▶ Supplied information

* * * *

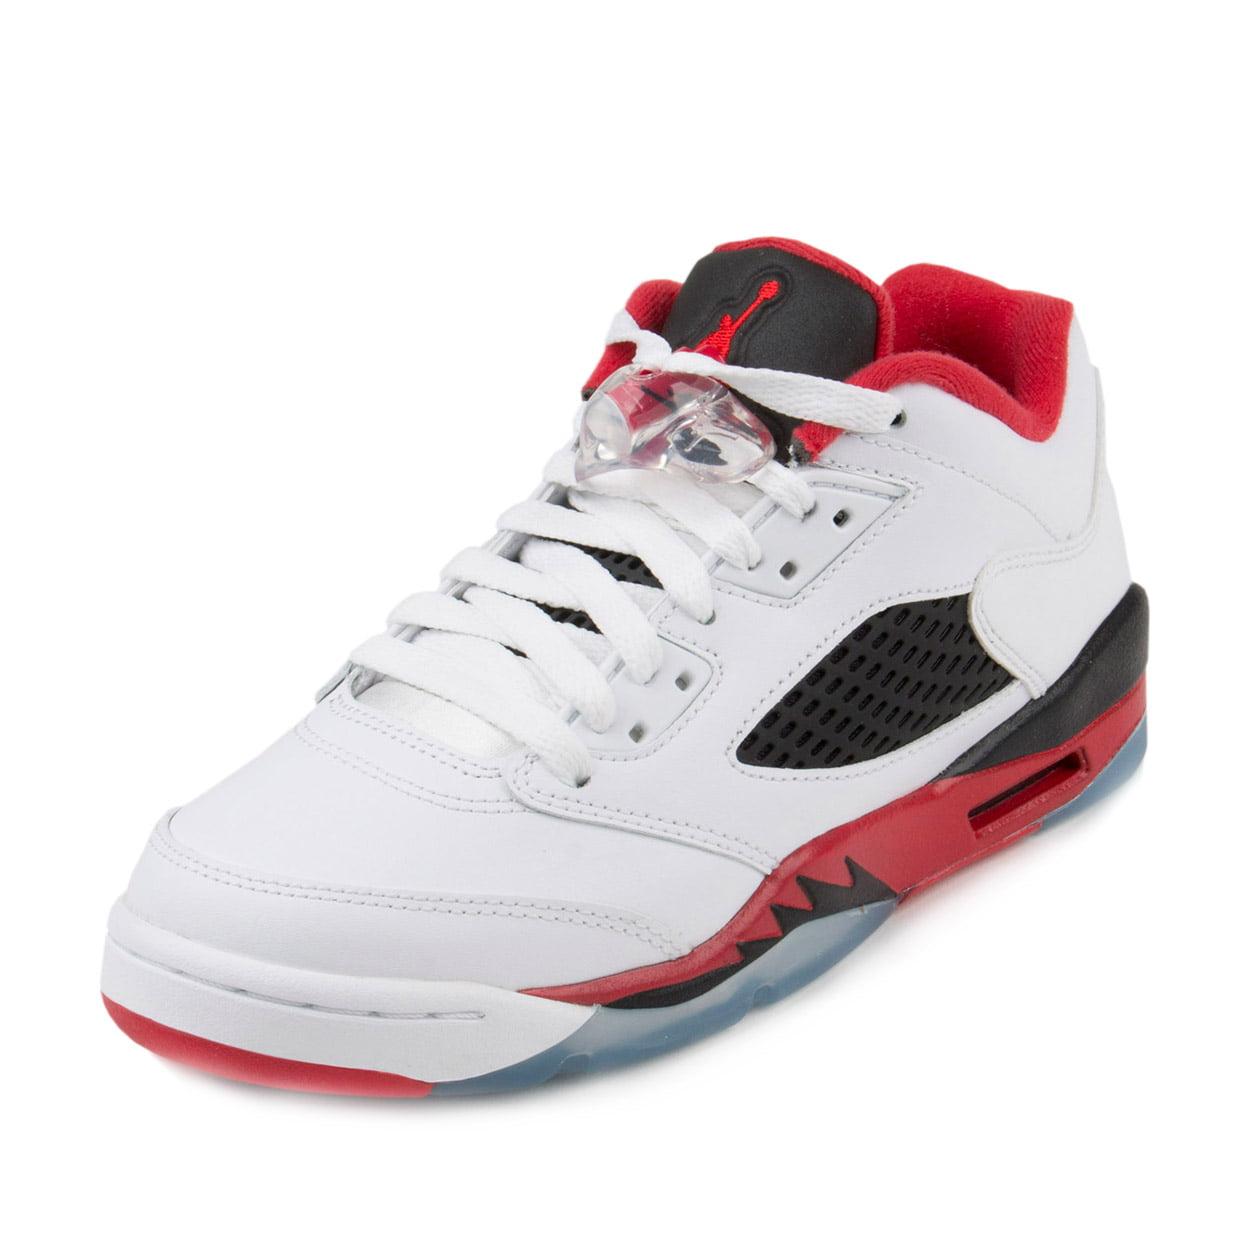 Nike Boys Air Jordan 5 Retro Low (GS
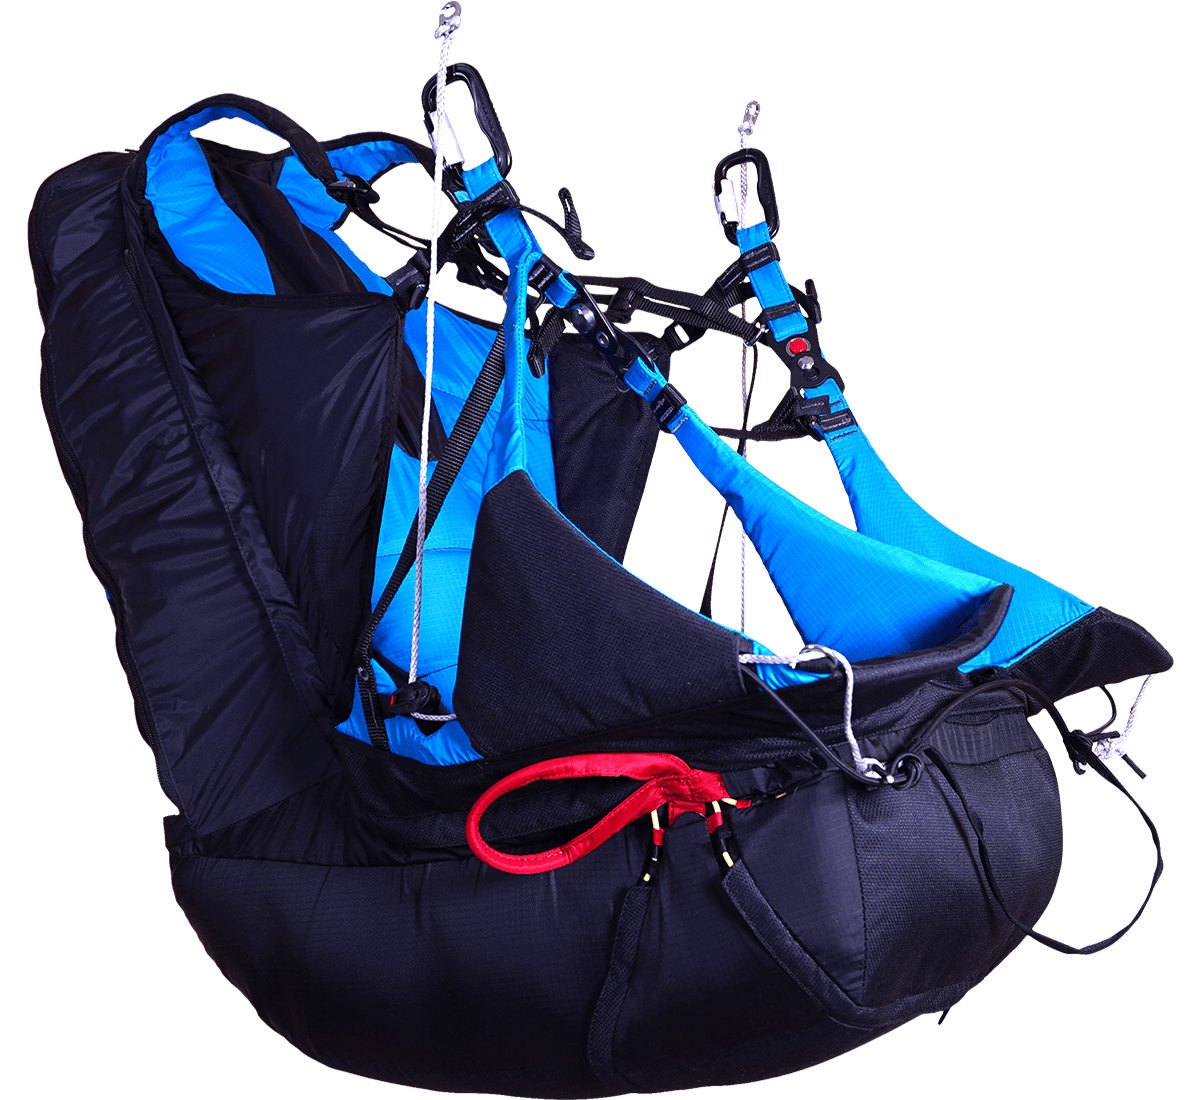 Paragliding / Soaring
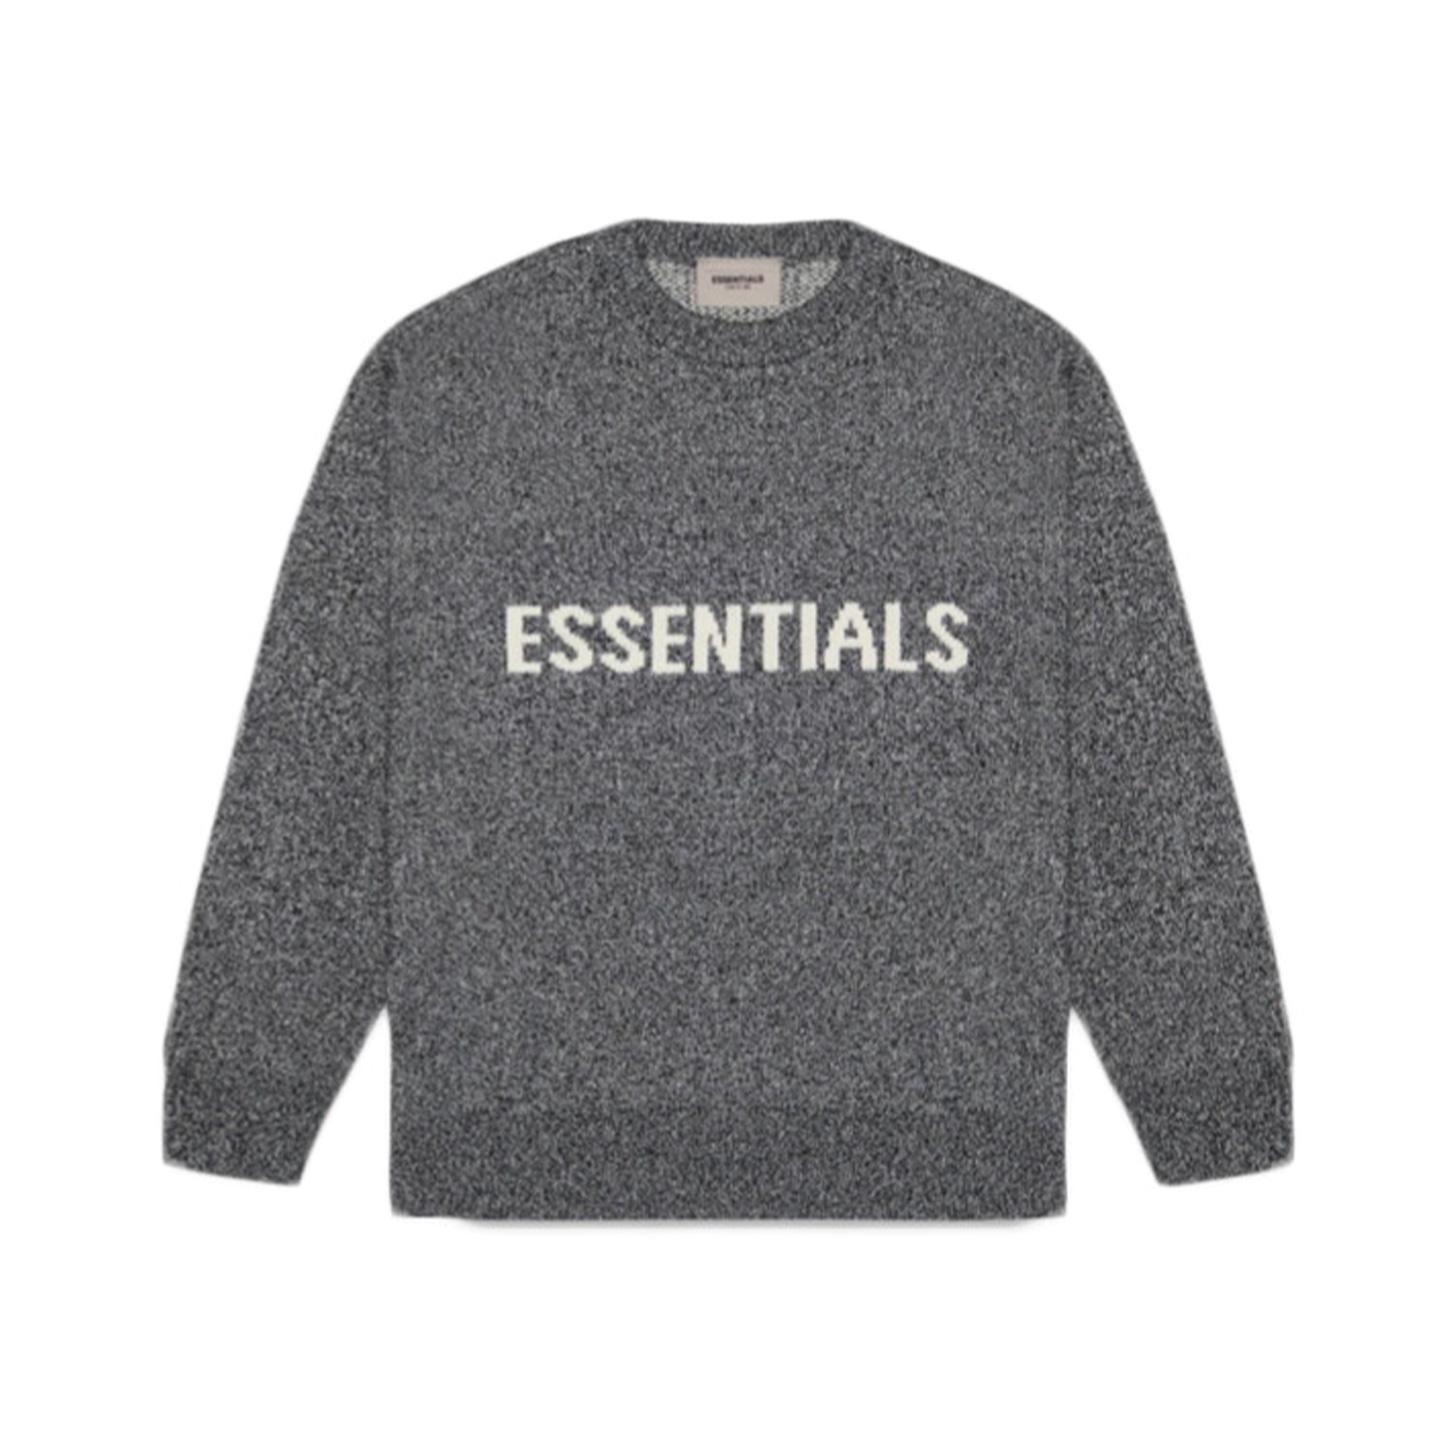 FEAR OF GOD ESSENTIALS Knit Sweater Dark Slate/Stretch Limo/Black 20SS

* * * *

▶ Problem to work on
Repeat the data above exactly; images are not part of the copy.

▶ Output of the exercise
 Nike Boys Air Jordan 5 Retro Low (GS
 Paragliding / Soaring
 FEAR OF GOD ESSENTIALS Knit Sweater Dark Slate/Stretch Limo/Black 20SS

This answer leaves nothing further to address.